Air base in Pampanga, Philippines

Cesar Basa Air Base, or simply Basa Air Base (formerly known as Floridablanca Airfield) , is an airbase currently operated by the Philippine Air Force. It is located at Floridablanca, Pampanga about 40 mi northwest of Metro Manila in the Philippines. It is named after César Basa, one of the pioneer fighter pilots of the Philippine Air Force.

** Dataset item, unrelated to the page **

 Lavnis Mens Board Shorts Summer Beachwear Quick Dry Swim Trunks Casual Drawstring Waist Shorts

The base was built and used by the US Army Air Corps before the Second World War and was captured and used by the Imperial Japanese Army Air Force during the early stages of World War II. Allied military forces recaptured it during the later stages of the war.

==History==
===World War II===
Company B, 803rd Engineer (Aviation) Battalion, began work on what was originally known as Del Carmen Field in mid-November 1941. It was to be major airdrome with multiple runways designed to serve heavy bombers that were to be assigned to the Philippines prior to the start of World War II. The engineers were not able to complete the field, and only the 34th Pursuit Squadron, Far East Air Force (FEAF), with its P-35 aircraft operated from there. Several P-40's from other FEAF pursuit squadrons used Del Carmen as an emergency landing strip after the bombing of Clark and Iba Fields on December 8, 1941.

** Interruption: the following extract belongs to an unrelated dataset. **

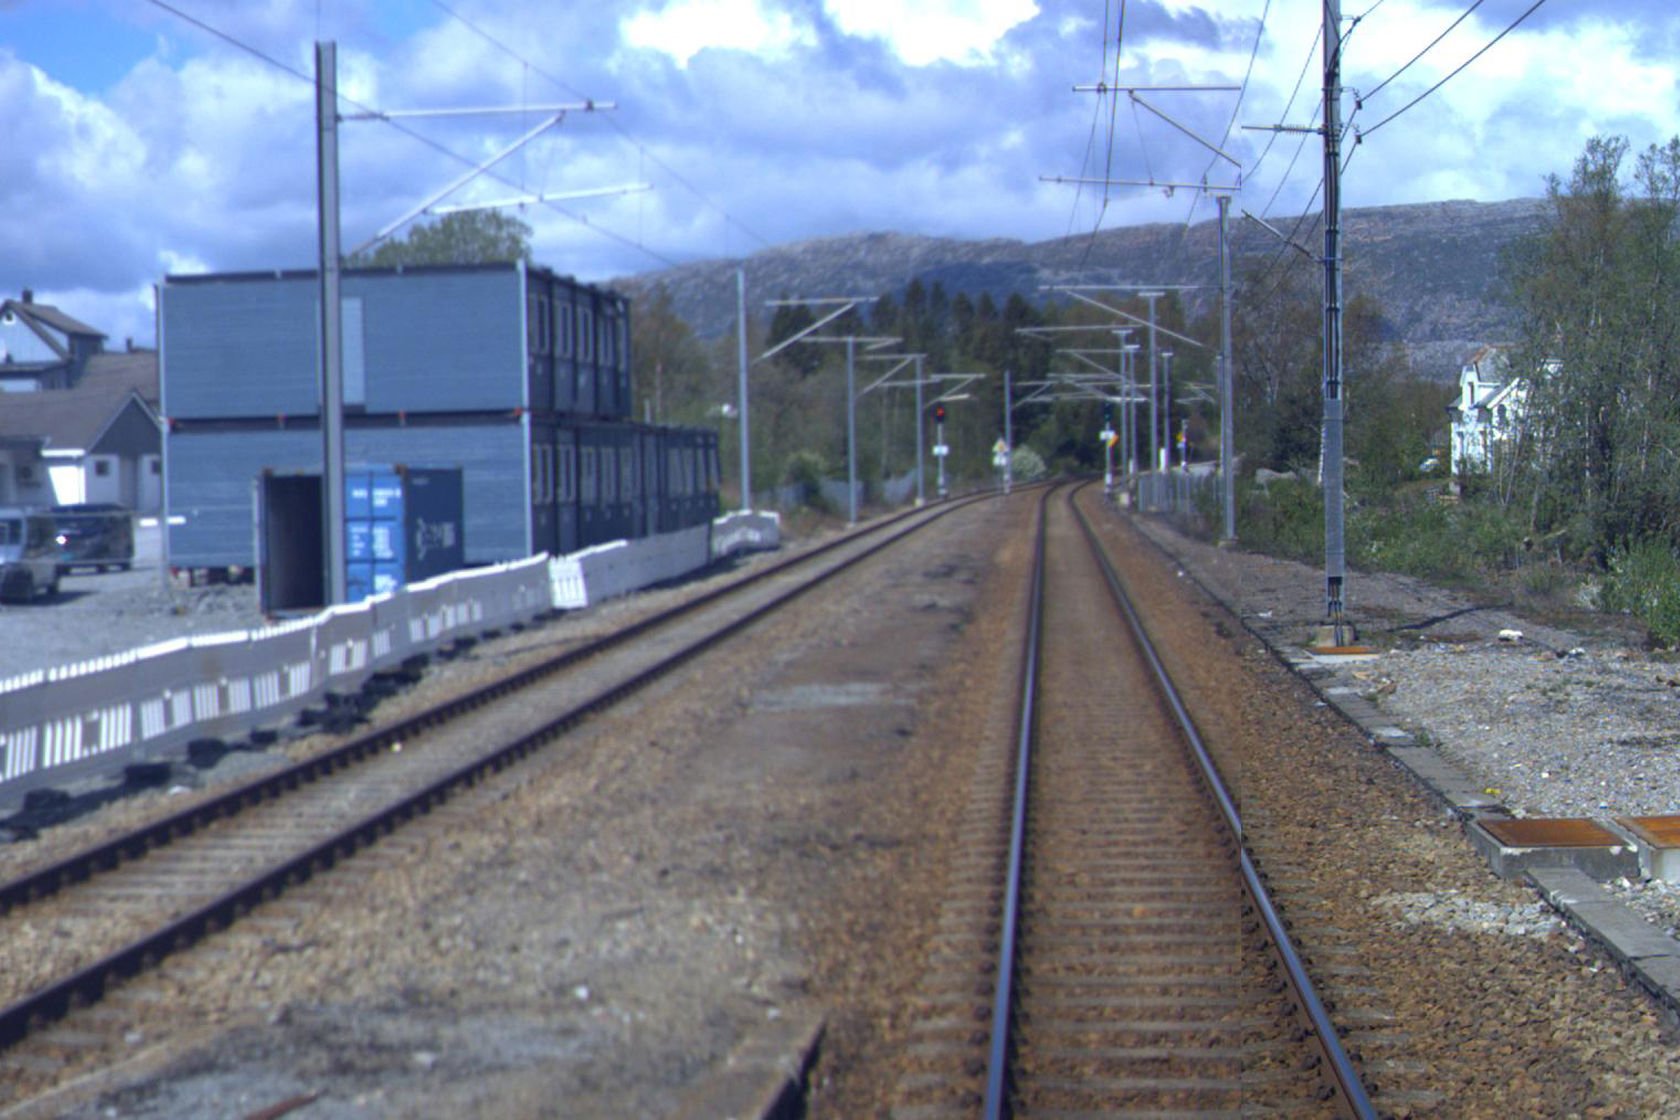 Tracks at Ualand station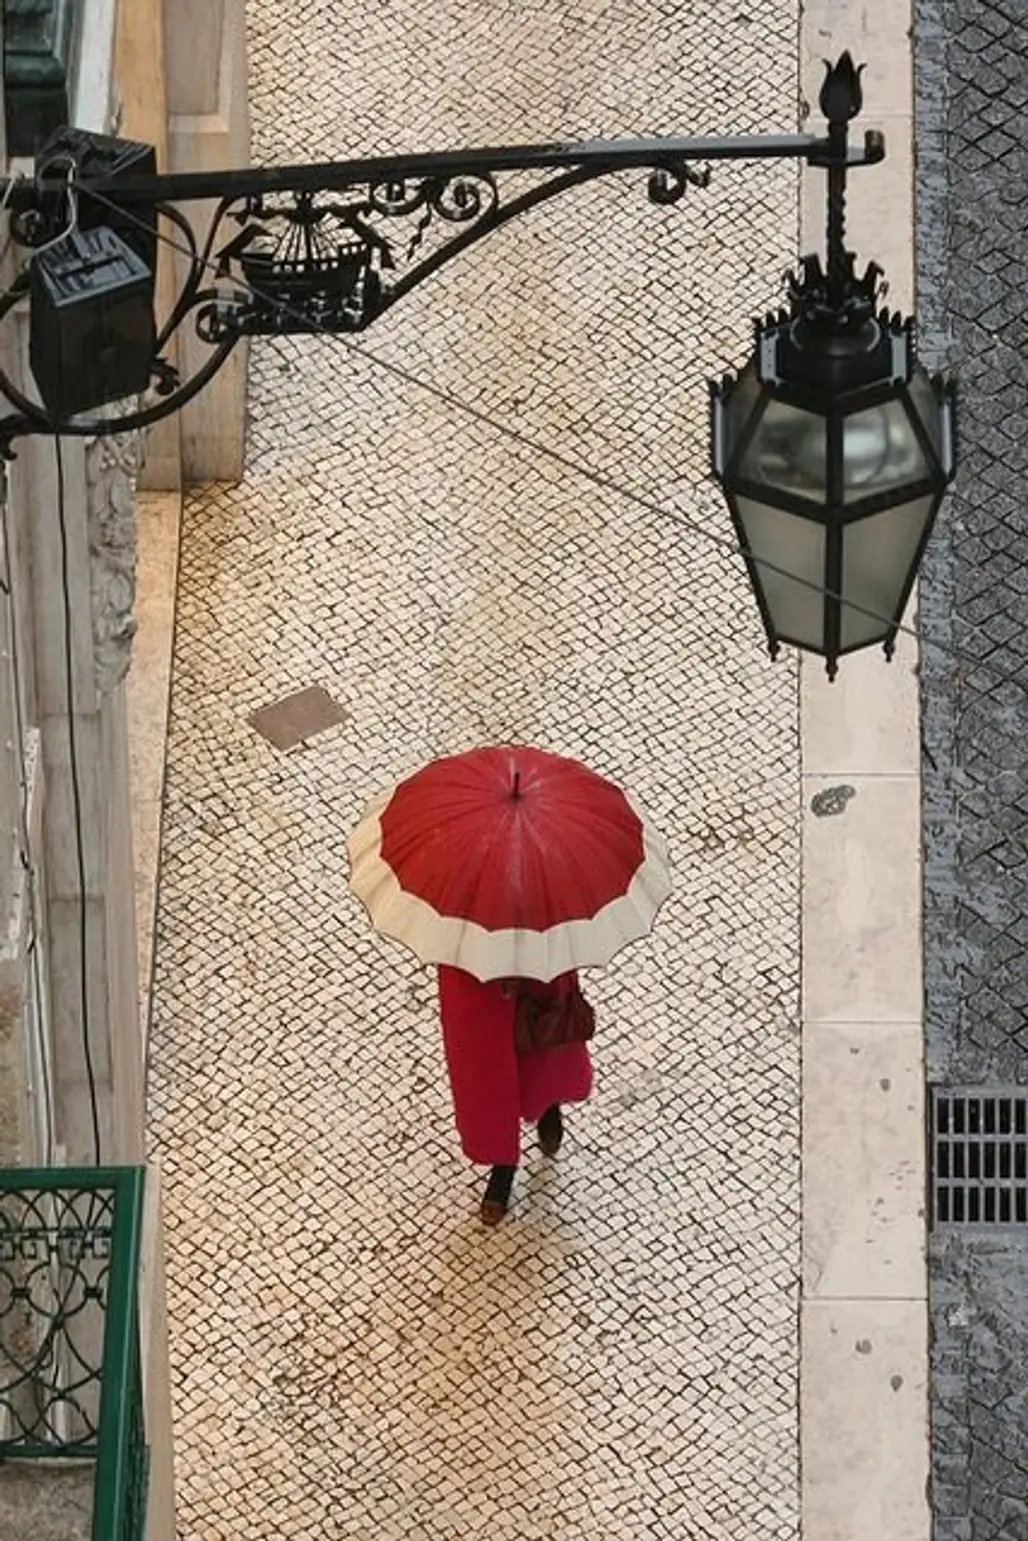 Rainy Day in Lisbon

In late December 1941, during the early stages of World War II, the facility was successfully captured and taken over by the Japanese Army. The base was used by the Japanese as an auxiliary airfield. It was in this aerodrome complex of Clark, Floridablanca, Porac and Mabalacat airfield where the scheme to employ "kamikaze" fighters was first conceived and launched.

In January 1945, the USAAF re-established a presence at the airfield when the United States Sixth Army cleared the area of Japanese forces. The 312th Bombardment Group (19 April-13 August 1945) based A-20 Havocs and the 348th Fighter Group (15 May-6 July 1945) based P-47 Thunderbolts and P-51 Mustangs at the airfield. In 1945, during the period of Philippine liberation to joint U.S. and Filipino troops, the U.S. Army Air Forces enlarged the airfield further to accommodate B-17s and B-24s, which were used for air strikes against Japan.

The United States government later turned over the installation to the Philippines. On August 22, 1947, three M35 2-1/2 ton cargo trucks ferried in the 2nd Tactical Fighter Squadron to lay the groundwork for a fighter base.

On September 9, 1947, the Headquarters Composite Group, with a subordinate unit known as the Floridablanca Base Service Detachment, was organized to continue the pioneering venture. The 6th and 7th Fighter squadrons, armed with P-51D "Mustangs", were activated on October 24, 1947. From 1947 to 1955, these two squadrons extensively conducted pacification campaigns against the Huks in Central Luzon and the forces of Kamlon in Southern Mindanao.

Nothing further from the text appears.